The murine orthotopic heart transplant model is a robust preclinical model used primarily to investigate the effects of MHC mismatch on the level and nature of immunological rejection and, more recently, the effect of transplantation on the retention of graft tissue-resident immunity16. While initially closely following the Corry et al.7 protocol, we have refined the protocol to incorporate best-practice standards of aseptic technique, analgesia, and anesthesia. The updating of these new practices was achieved via additional training, the provision of sterile surgical gloves, gowns, and surgical drapes, the application of additional anesthesia, and the updating of the analgesia dosing. Such changes led to a small increase in surgical setup time and additional costs per surgery.
The use of animals to address important research concerns is permitted under a contract between researchers and an animal ethics committee (AEC) to maintain a social license to undertake such work. Decisions of an AEC are based on clear ethical guidelines15, with an overriding principle of balancing the costs to the animal against the benefits to society. The concept of the three Rs (reduction, replacement, and refinement) is vital in addressing how the costs of a project are mitigated.
Minimizing the harm to the animals involved by the adoption of species-appropriate, perioperative analgesia and anesthesia has an irreplaceable role in animal models of surgery and is an example of refinement. Additionally, care and techniques that reduce the risk of environmental and behavioral vectors of infection to the surgical recipient have positive implications for both reducing the harm to the animal in terms of morbidity and mortality and helping to minimize the financial costs associated with repeating failed surgeries. Although the cleanliness of the experimental animal "operating theater" does not closely approach that of a hospital equivalent, it should not be an afterthought in such work.

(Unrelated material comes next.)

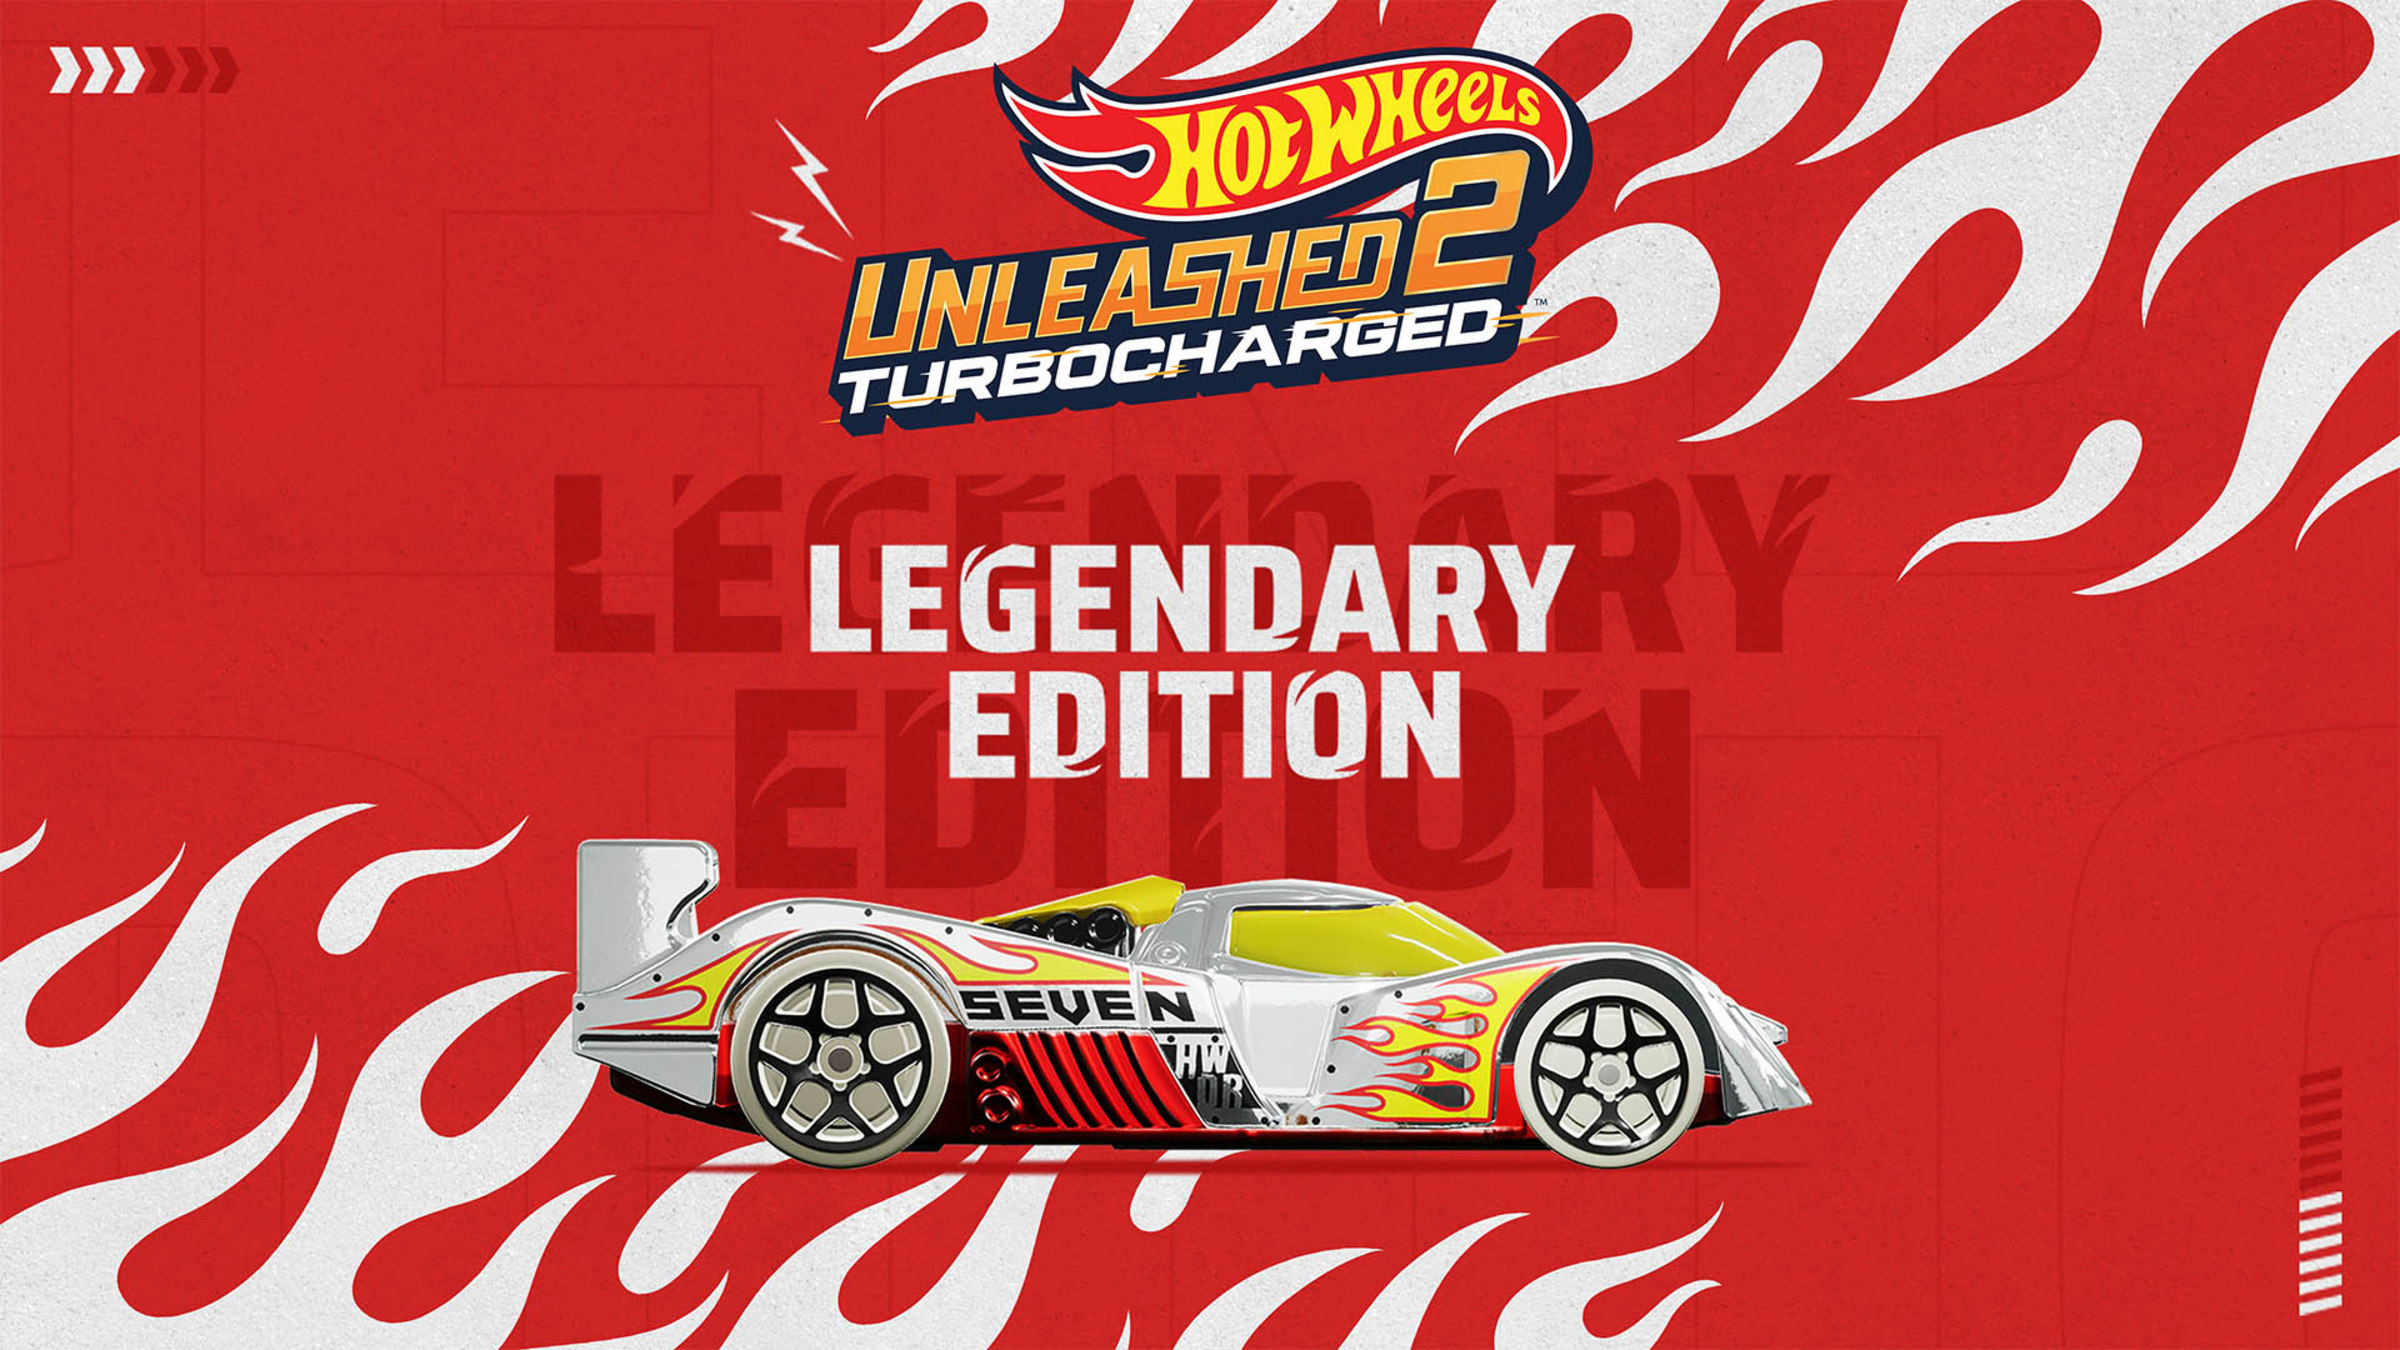 Hot Wheels Unleashed Challenge Accepted Edition for Nintendo Switch
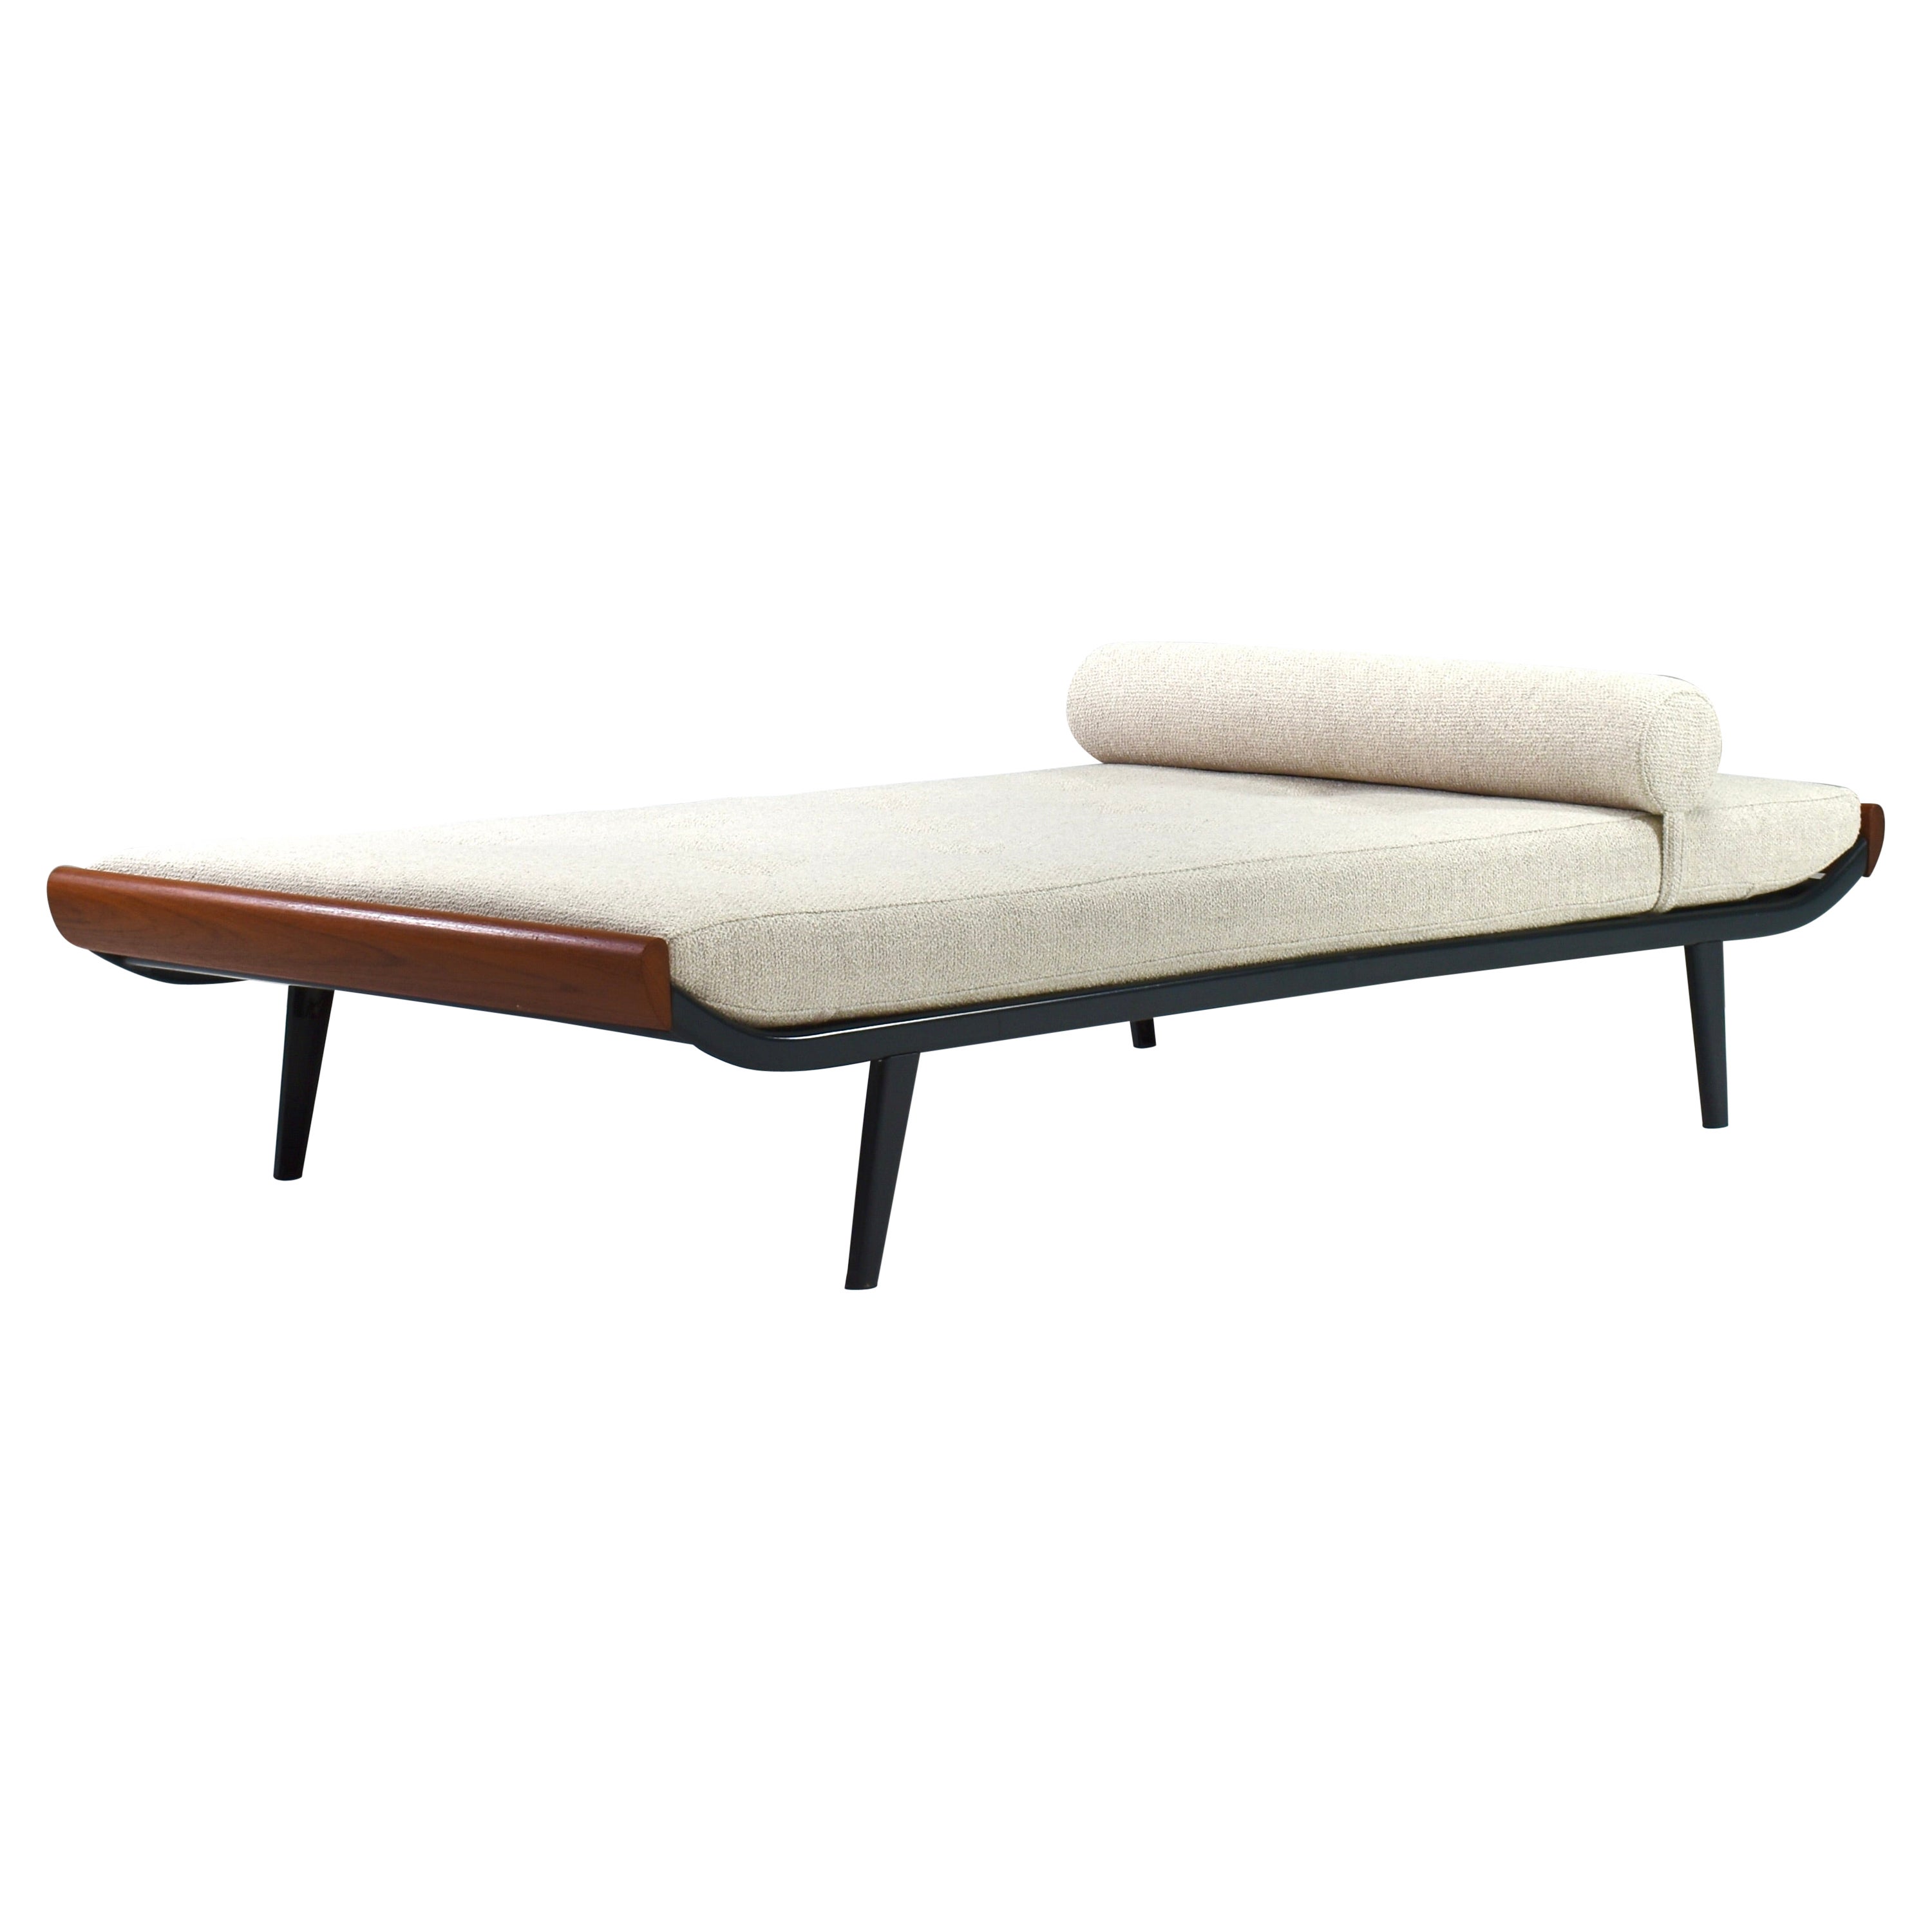 Cleopatra Daybed Designed by Cordemeyer for Auping *New Upholstery* Holland 1954

From a scientific perspective, postoperative infections necessarily influence the profile of inflammatory cytokines and immune cells, which are the typical readouts for experiments assessing transplant recovery or rejection. Maximal effort should, therefore, be made to control for postoperative infection, given the adverse impact this can have on the validity of the research. The focus on analgesia is important from an animal welfare point of view. Animal transplantation surgeries are major procedures, and great effort should be made in reducing unnecessary pain and suffering of the subjects. To return to the practical outcomes of this focus, an additional practical benefit of effective pain control is the reduced likelihood of animals being removed from the experimental protocol due to pain-associated signs of distress.
Since this procedure was first described, several authors have reported the troubleshooting of common problems that occur during the procedure10,11. The control of hemorrhage following the release of the clamps is well described and mirrors techniques used in human surgeries, namely the use of pressure to the site of hemorrhage, further suturing, and hemostatic agents. We have noticed that bleeding often occurs from one of two main sites: the anastomosis sites or damage to the myocardium. Approaches to halt bleeding from the heart have been reported by Niimi10, who controlled bleeding from the heart through ligation of the atrium. In our experience, the stemming of blood flow from the myocardium itself is exceptionally challenging due to its rich vascularization.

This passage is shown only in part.